A hybrid recommender model.

Parameters:
  • no_components (int, optional) – the dimensionality of the feature latent embeddings.
  • k (int, optional) – for k-OS training, the k-th positive example will be selected from the n positive examples sampled for every user.
  • n (int, optional) – for k-OS training, maximum number of positives sampled for each update.
  • learning_schedule (string, optional) – one of (‘adagrad’, ‘adadelta’).
  • loss (string, optional) – one of (‘logistic’, ‘bpr’, ‘warp’, ‘warp-kos’): the loss function.
  • learning_rate (float, optional) – initial learning rate for the adagrad learning schedule.
  • rho (float, optional) – moving average coefficient for the adadelta learning schedule.
  • epsilon (float, optional) – conditioning parameter for the adadelta learning schedule.
  • item_alpha (float, optional) – L2 penalty on item features
  • user_alpha (float, optional) – L2 penalty on user features.
  • max_sampled (int, optional) – maximum number of negative samples used during WARP fitting. It requires a lot of sampling to find negative triplets for users that are already well represented by the model; this can lead to very long training times and overfitting. Setting this to a higher number will generally lead to longer training times, but may in some cases improve accuracy.
  • random_state (int seed, RandomState instance, or None) – The seed of the pseudo random number generator to use when shuffling the data and initializing the parameters.
Variables:
  • item_embeddings (np.float32 array of shape [n_item_features, n_components]) – Contains the estimated latent vectors for item features. The [i, j]-th entry gives the value of the j-th component for the i-th item feature. In the simplest case where the item feature matrix is an identity matrix, the i-th row will represent the i-th item latent vector.
  • user_embeddings (np.float32 array of shape [n_user_features, n_components]) – Contains the estimated latent vectors for user features. The [i, j]-th entry gives the value of the j-th component for the i-th user feature. In the simplest case where the user feature matrix is an identity matrix, the i-th row will represent the i-th user latent vector.
  • item_biases (np.float32 array of shape [n_item_features,]) – Contains the biases for item_features.
  • user_biases (np.float32 array of shape [n_user_features,]) – Contains the biases for user_features.

Notes

Four loss functions are available:

  • logistic: useful when both positive (1) and negative (-1) interactions are present.
  • BPR: Bayesian Personalised Ranking [1] pairwise loss. Maximises the prediction difference between a positive example and a randomly chosen negative example. Useful when only positive interactions are present and optimising ROC AUC is desired.
  • WARP: Weighted Approximate-Rank Pairwise [2] loss. Maximises the rank of positive examples by repeatedly sampling negative examples until rank violating one is found. Useful when only positive interactions are present and optimising the top of the recommendation list (precision@k) is desired.
  • k-OS WARP: k-th order statistic loss [3]. A modification of WARP that uses the k-th positive example for any given user as a basis for pairwise updates.

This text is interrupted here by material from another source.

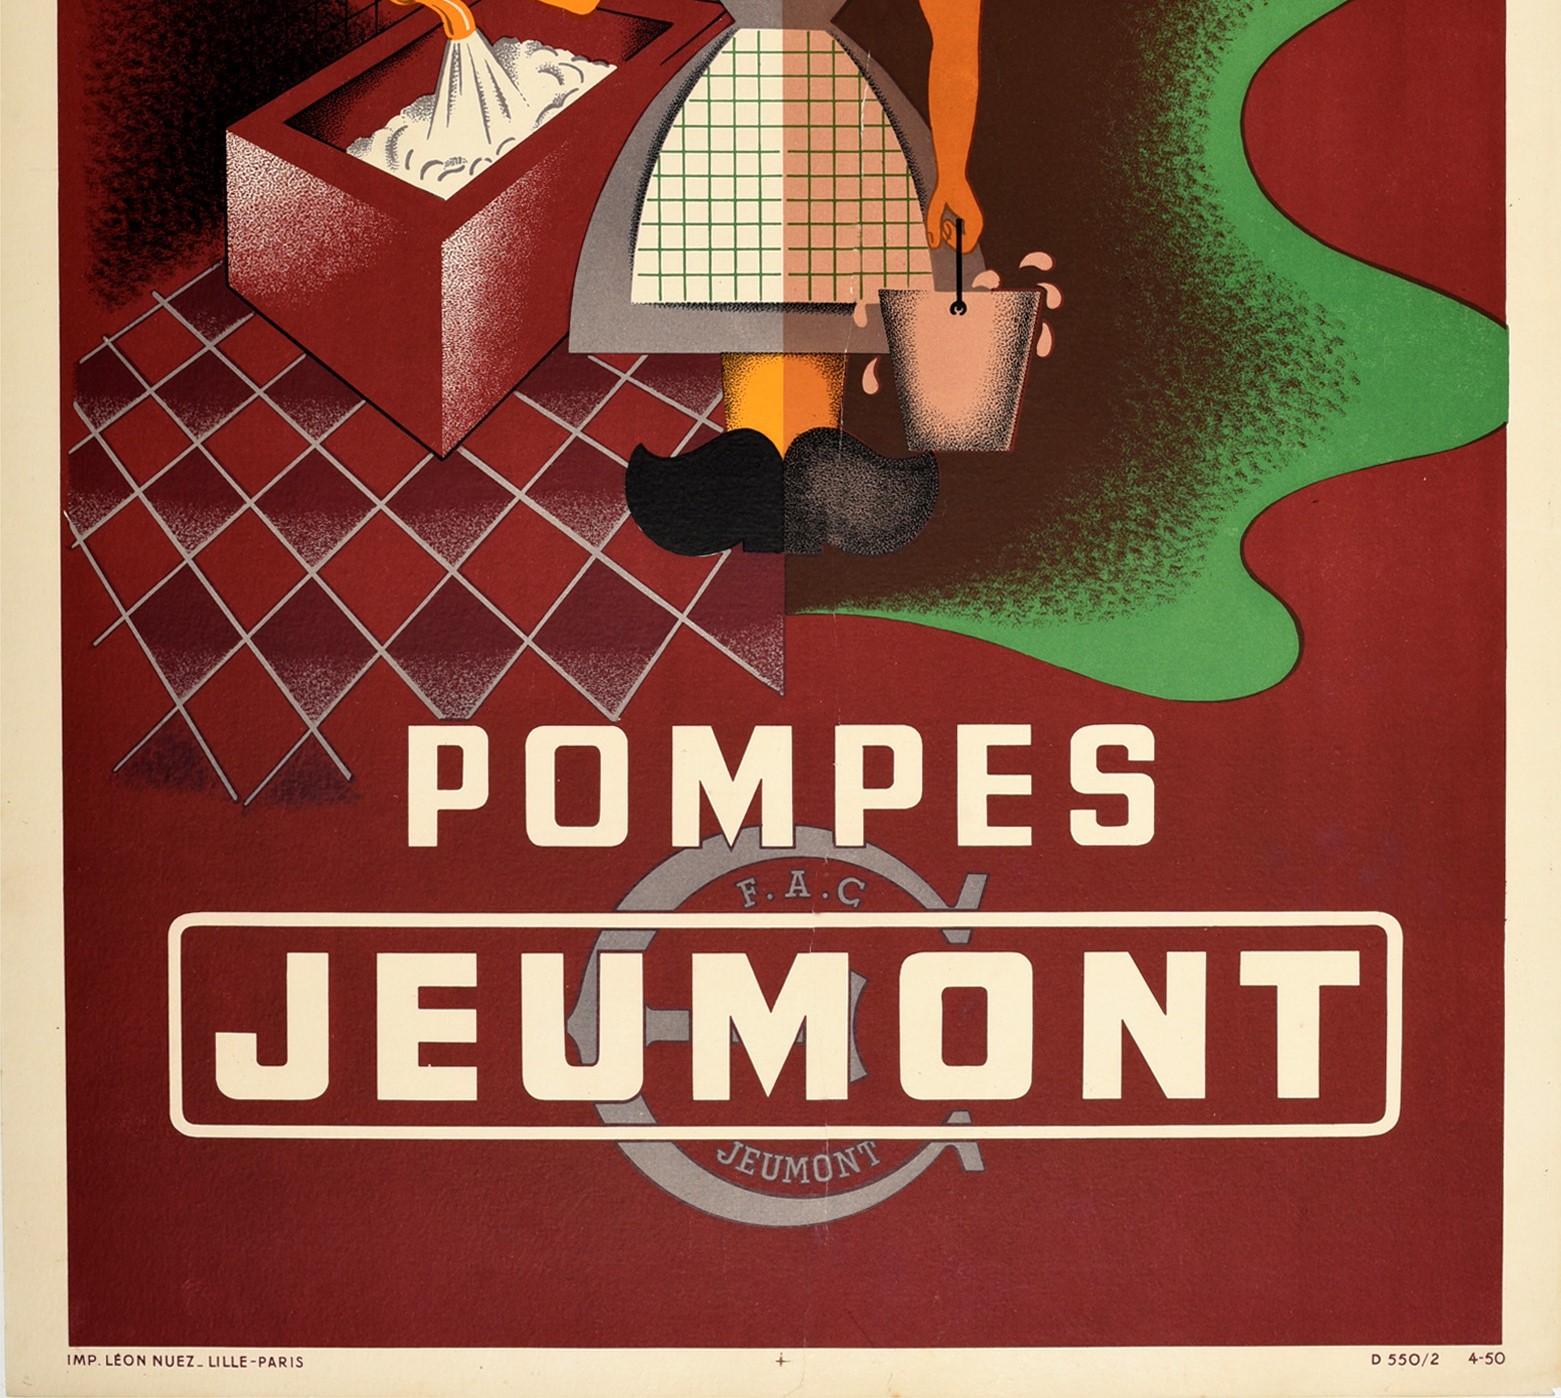 Mid-Century Modern Original Vintage Advertising Poster Pompes Jeumont Water Pumps Modernist Design For Sale

Two learning rate schedules are available:

References

[1]Rendle, Steffen, et al. “BPR: Bayesian personalized ranking from implicit feedback.” Proceedings of the Twenty-Fifth Conference on Uncertainty in Artificial Intelligence. AUAI Press, 2009.
[2]Weston, Jason, Samy Bengio, and Nicolas Usunier. “Wsabie: Scaling up to large vocabulary image annotation.” IJCAI. Vol. 11. 2011.
[3]Weston, Jason, Hector Yee, and Ron J. Weiss. “Learning to rank recommendations with the k-order statistic loss.” Proceedings of the 7th ACM conference on Recommender systems. ACM, 2013.
[4]Duchi, John, Elad Hazan, and Yoram Singer. “Adaptive subgradient methods for online learning and stochastic optimization.” The Journal of Machine Learning Research 12 (2011): 2121-2159.
[5]Zeiler, Matthew D. “ADADELTA: An adaptive learning rate method.” arXiv preprint arXiv:1212.5701 (2012).
fit(interactions, user_features=None, item_features=None, sample_weight=None, epochs=1, num_threads=1, verbose=False)

Fit the model.

Parameters:
  • interactions (np.float32 coo_matrix of shape [n_users, n_items]) – the matrix containing user-item interactions. Will be converted to numpy.float32 dtype if it is not of that type.
  • user_features (np.float32 csr_matrix of shape [n_users, n_user_features], optional) – Each row contains that user’s weights over features.
  • item_features (np.float32 csr_matrix of shape [n_items, n_item_features], optional) – Each row contains that item’s weights over features.
  • sample_weight (np.float32 coo_matrix of shape [n_users, n_items], optional) – matrix with entries expressing weights of individual interactions from the interactions matrix. Its row and col arrays must be the same as those of the interactions matrix. For memory efficiency its possible to use the same arrays for both weights and interaction matrices. Defaults to weight 1.0 for all interactions. Not implemented for the k-OS loss.
  • epochs (int, optional) – number of epochs to run
  • num_threads (int, optional) – Number of parallel computation threads to use. Should not be higher than the number of physical cores.
  • verbose (bool, optional) – whether to print progress messages.
Returns:

the fitted model

Return type:

LightFM instance

fit_partial(interactions, user_features=None, item_features=None, sample_weight=None, epochs=1, num_threads=1, verbose=False)

Fit the model.

Fit the model. Unlike fit, repeated calls to this method will cause training to resume from the current model state.

Parameters:
  • interactions (np.float32 coo_matrix of shape [n_users, n_items]) – the matrix containing user-item interactions. Will be converted to numpy.float32 dtype if it is not of that type.
  • user_features (np.float32 csr_matrix of shape [n_users, n_user_features], optional) – Each row contains that user’s weights over features.
  • item_features (np.float32 csr_matrix of shape [n_items, n_item_features], optional) – Each row contains that item’s weights over features.
  • sample_weight (np.float32 coo_matrix of shape [n_users, n_items], optional) – matrix with entries expressing weights of individual interactions from the interactions matrix. Its row and col arrays must be the same as those of the interactions matrix. For memory efficiency its possible to use the same arrays for both weights and interaction matrices. Defaults to weight 1.0 for all interactions. Not implemented for the k-OS loss.
  • epochs (int, optional) – number of epochs to run
  • num_threads (int, optional) – Number of parallel computation threads to use. Should not be higher than the number of physical cores.
  • verbose (bool, optional) – whether to print progress messages.
Returns:

the fitted model

Return type:

LightFM instance

get_item_representations(features=None)

Get the latent representations for items given model and features.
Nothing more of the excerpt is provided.